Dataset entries
┌──
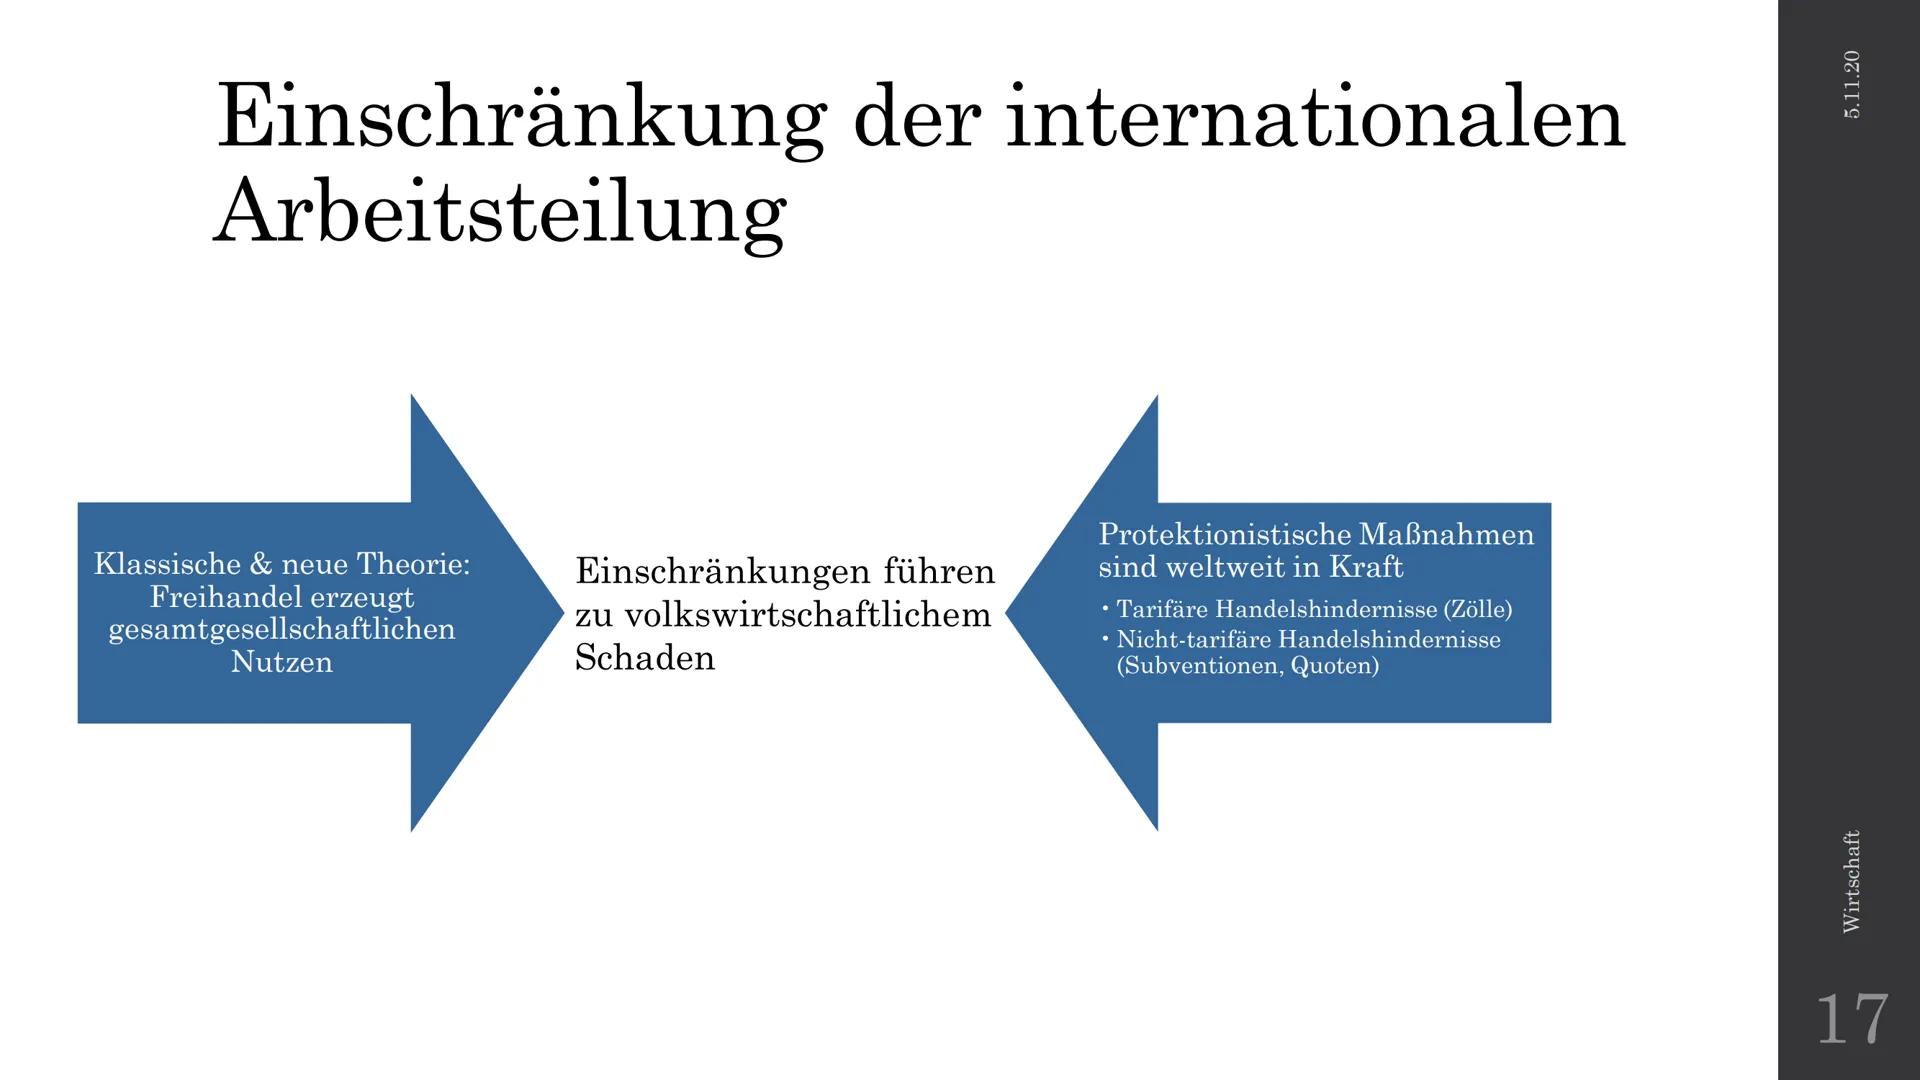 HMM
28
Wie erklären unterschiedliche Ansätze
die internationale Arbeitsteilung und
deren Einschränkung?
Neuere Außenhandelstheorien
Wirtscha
└──
Exactly as written, return each line above and leave the pictures behind.

 HMM
28
Wie erklären unterschiedliche Ansätze
die internationale Arbeitsteilung und
deren Einschränkung?
Neuere Außenhandelstheorien
Wirtscha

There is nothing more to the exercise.